From what I can tell that relies on Blaze, Im using Vue and don’t want that extra dependency in my bundle. That also appears to only do client side password validation, I’m asking for server side validation. And finally, I want to keep all UI state in Vuex as a central state management solution for consistency, including UI validation errors, which does not work if I use a pre-built UI solution.

1 Like

Server-side validation requires that you send the requested password as clear-text over the wire, so you have to consider which is the highest risk:

  • as clear text, anyone ‘in-the-middle’ can potentially snoop on the password.
  • client-side validation hashes the password before sending it to the server, so it’s harder for man-in-the-middle attackers to get the original password.
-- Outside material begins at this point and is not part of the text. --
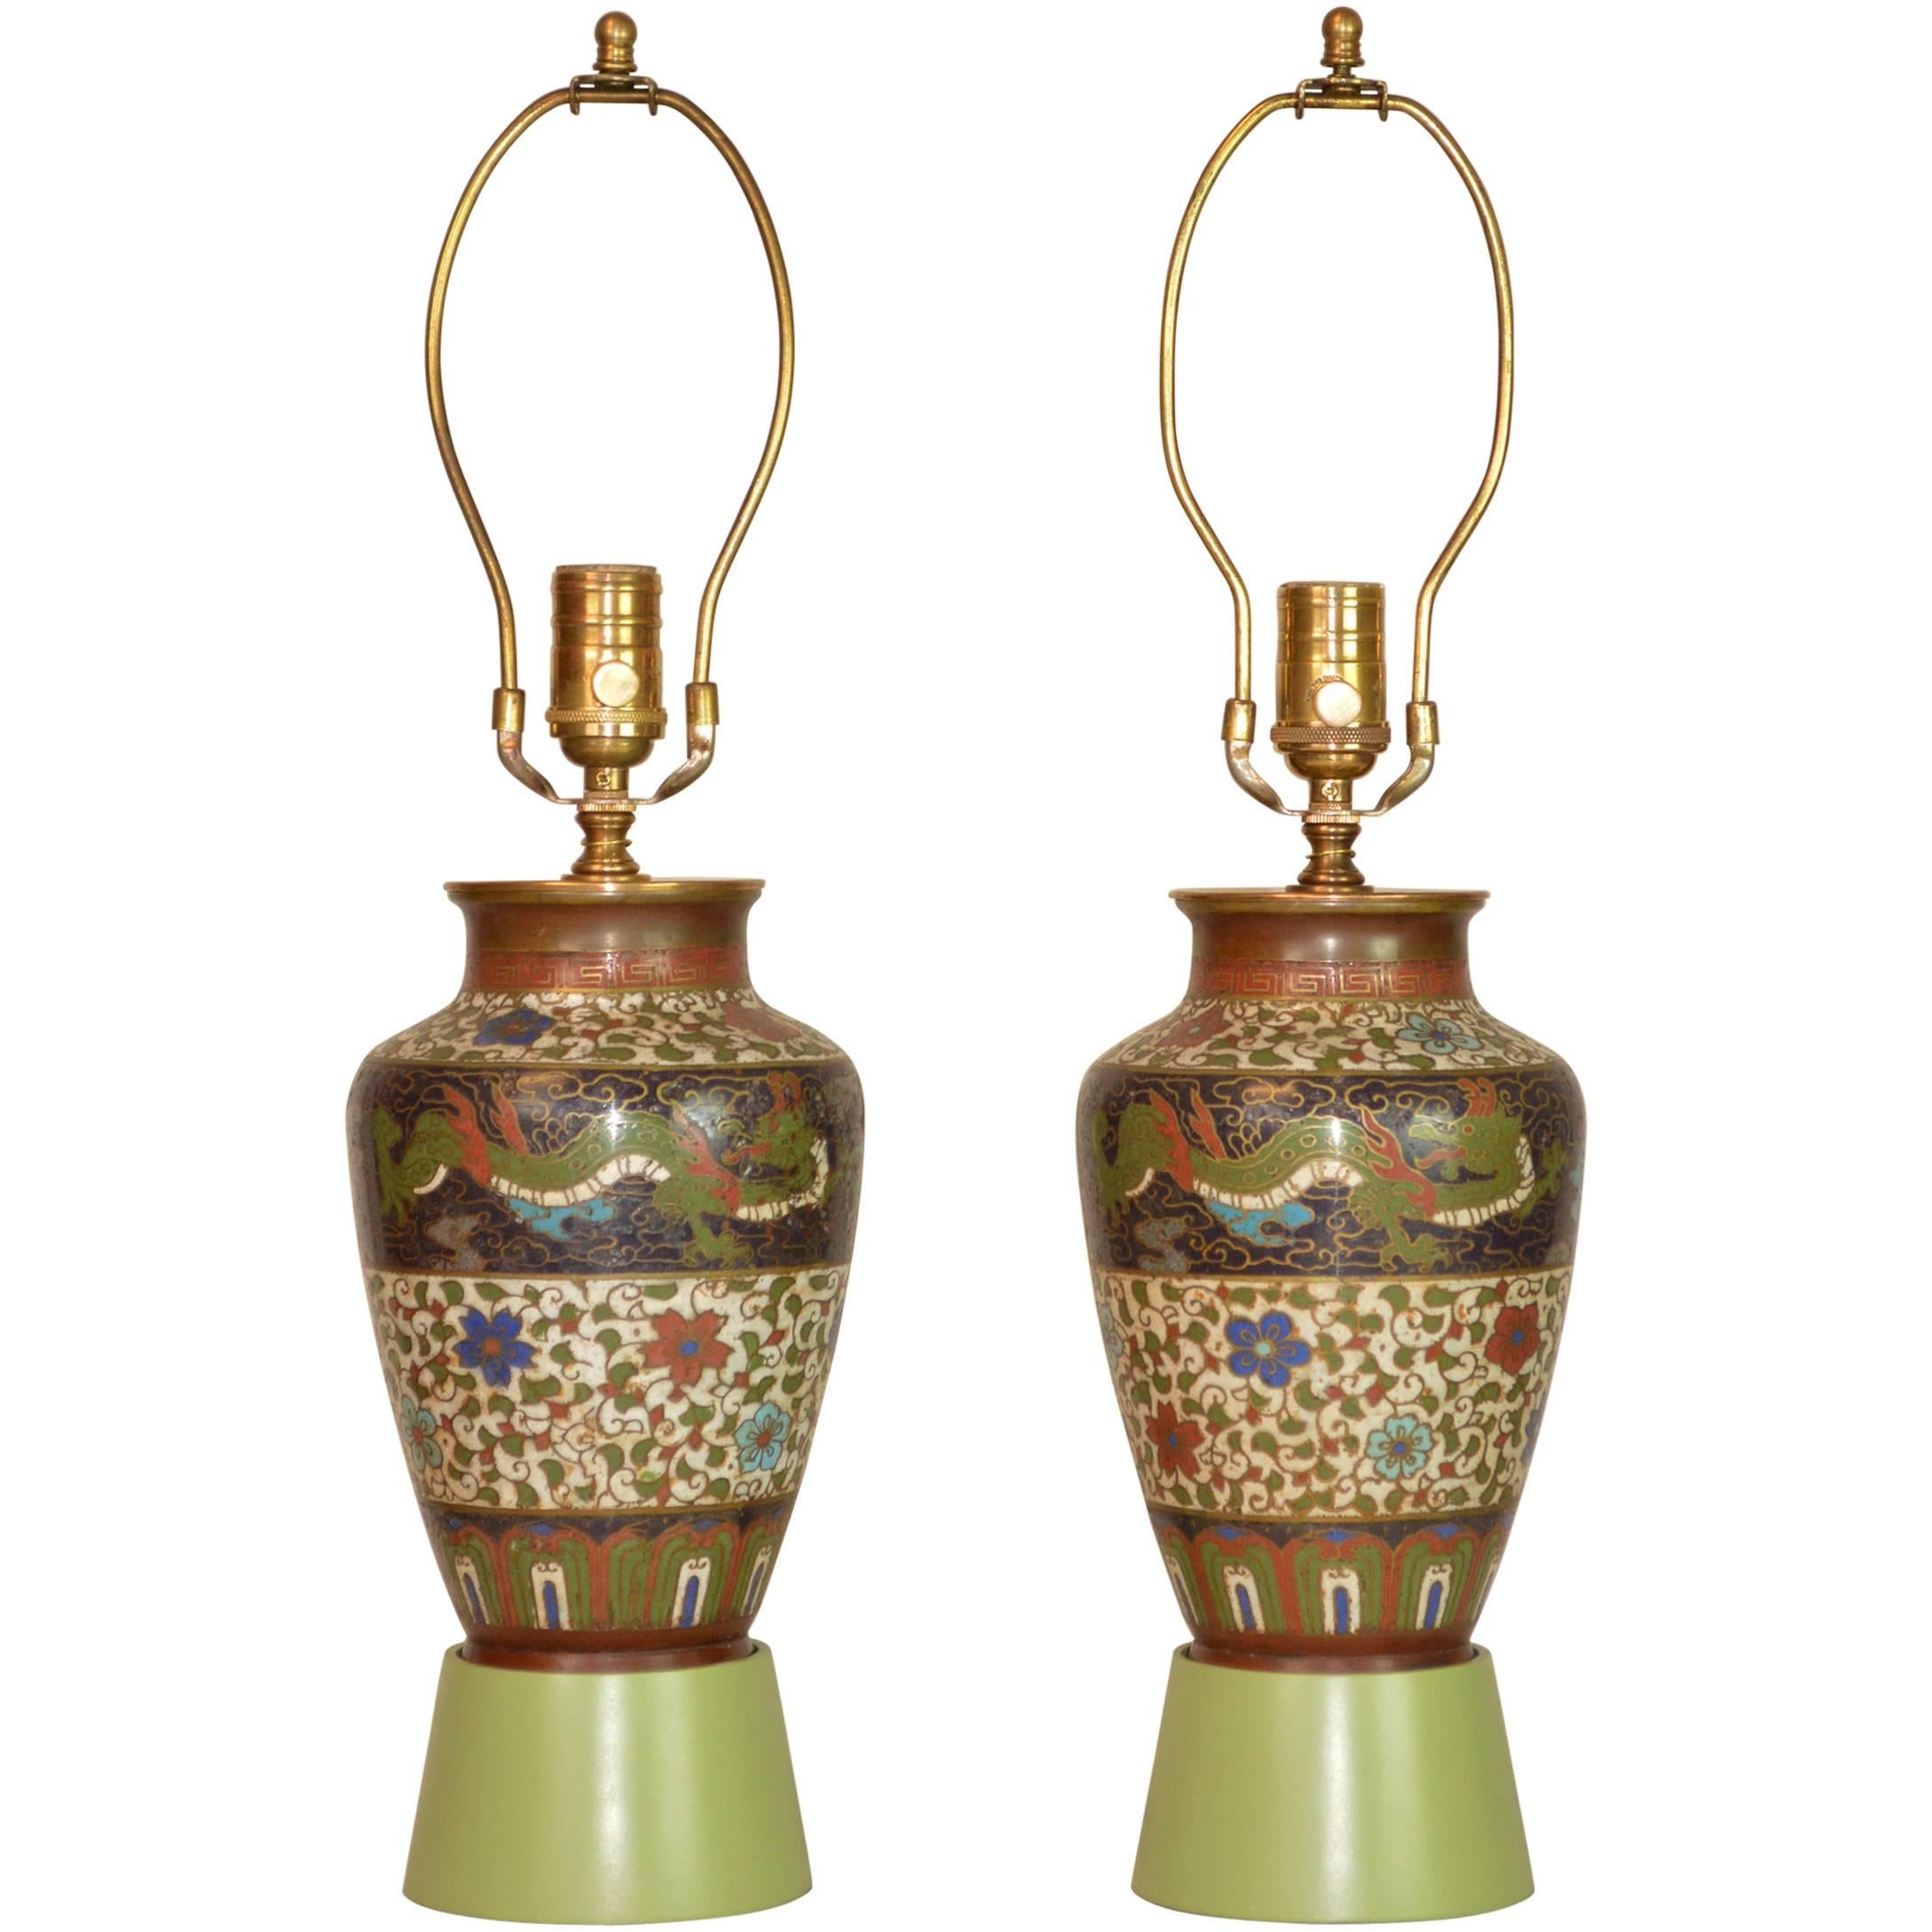 Rare Pair of Cloisonné Vases Mounted as Lamps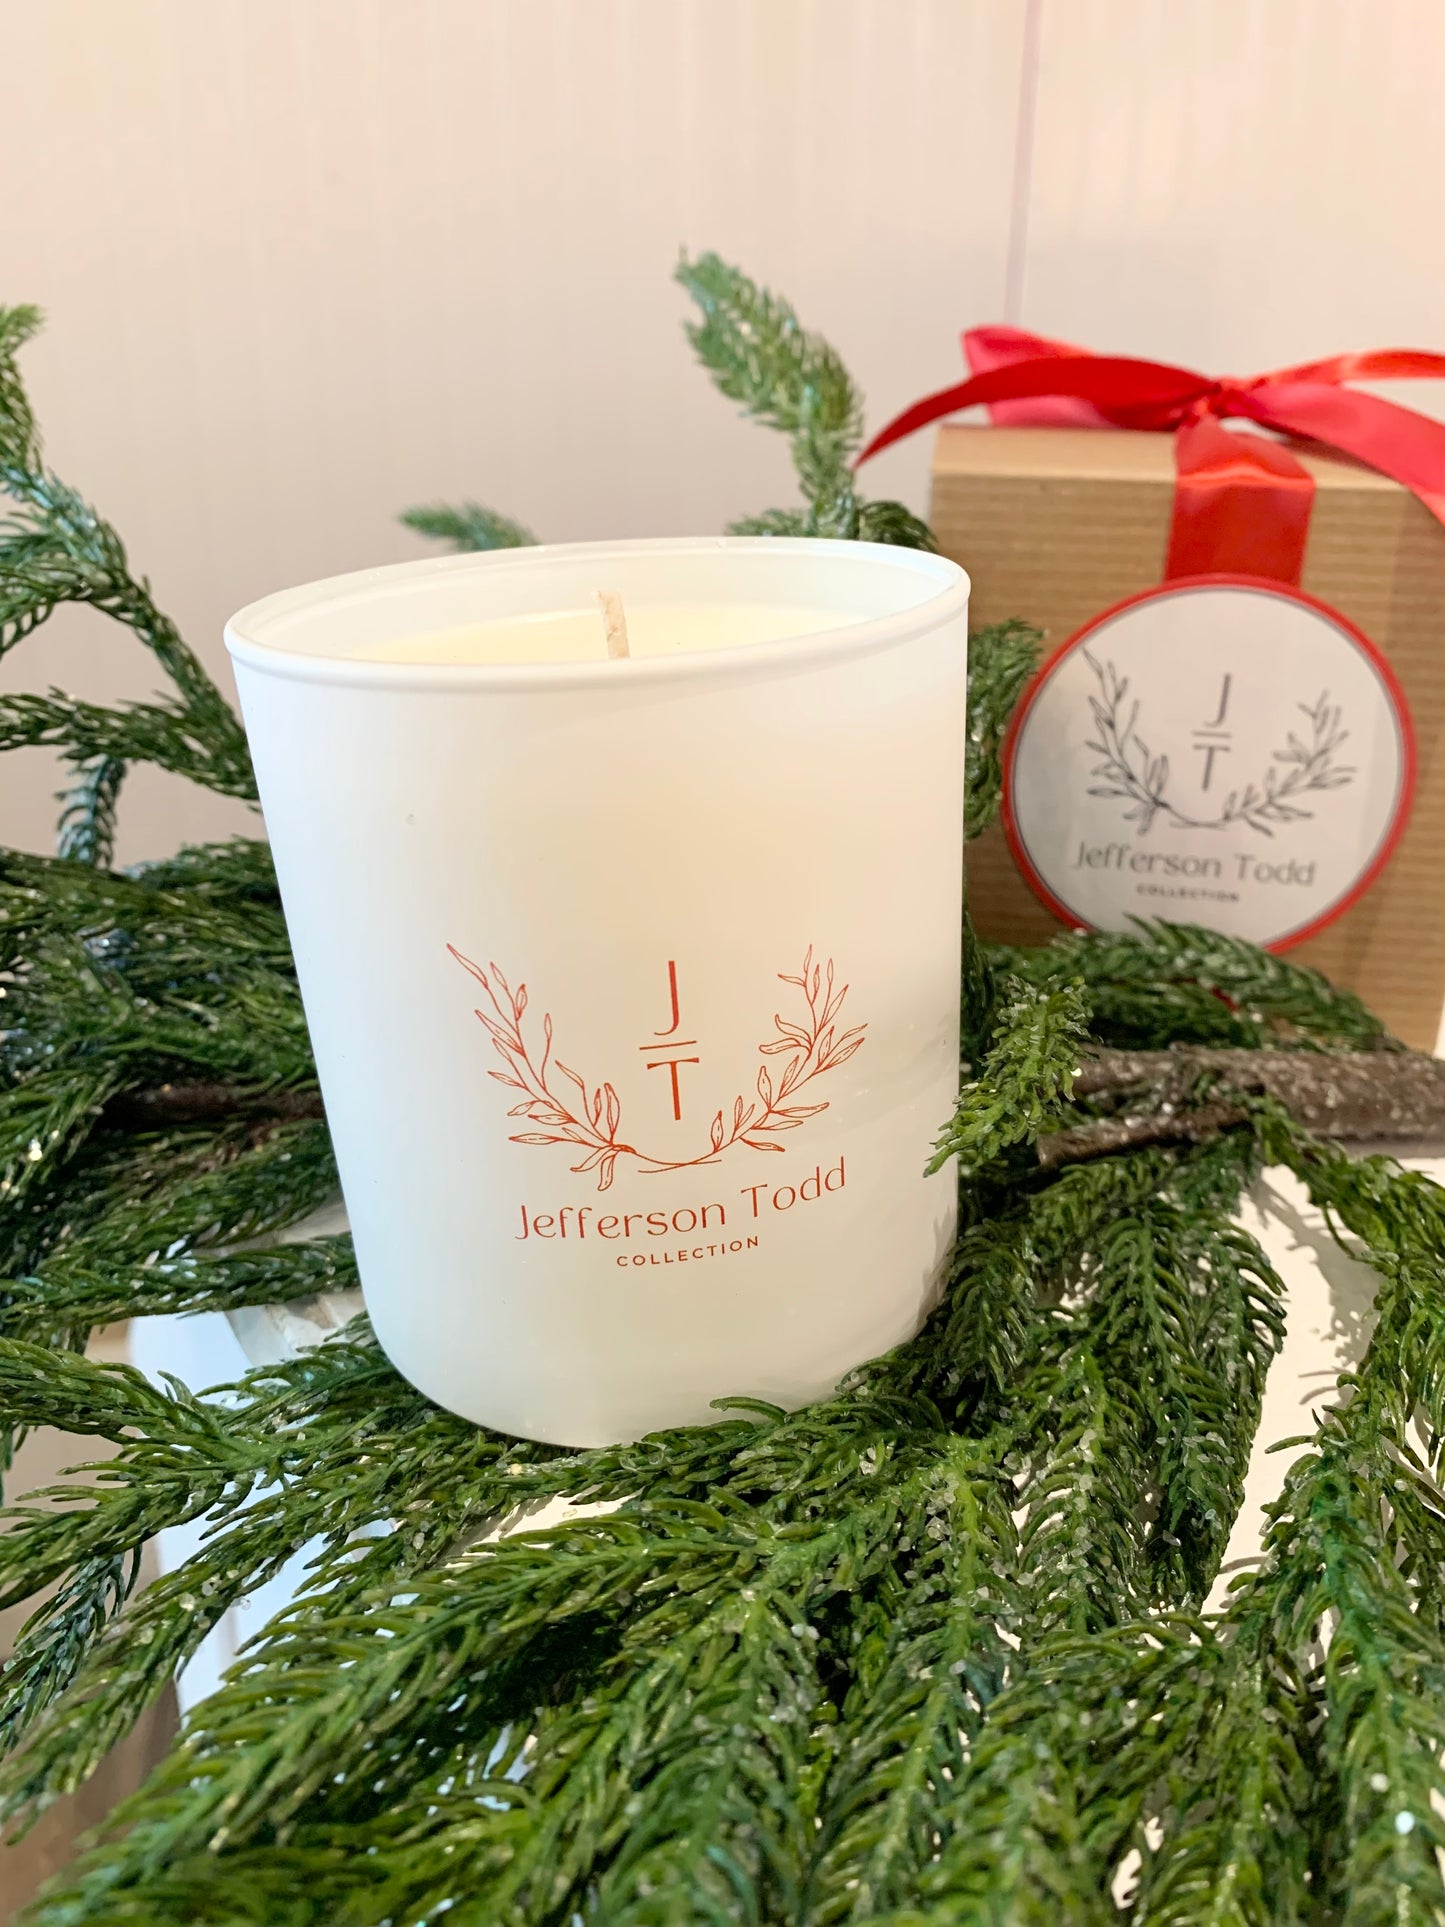 Jefferson Todd Collection Holiday Candle

The only risk with client-side validation, is that a user who knows his way around Meteor and JS is able to set a password for himself with less characters than you would prefer. In the end, none of the actual passwords are stored, everything is hashed and bcrypted.

1 Like

Any password form should be using SSL, so MITM attack isn’t an issue. I just want to enforce strong passwords in a financial application, even if client side validation fails for some reason. But the issue is I can’t do it on the server because the resetPassword(token, new password) with the token from their email is only available on the client

2 Likes

You could implement it yourself: the callback you set on Accounts.onEnrollmentLink on the client gets the token from the email. Make a custom server method you call from the client with the token and the desired password. The server method checks the token from the client with the server’s version ( it is stored in the user’s profile) and validates the password. If all is ok, the server sets Accounts.setPassword, and notifies the client.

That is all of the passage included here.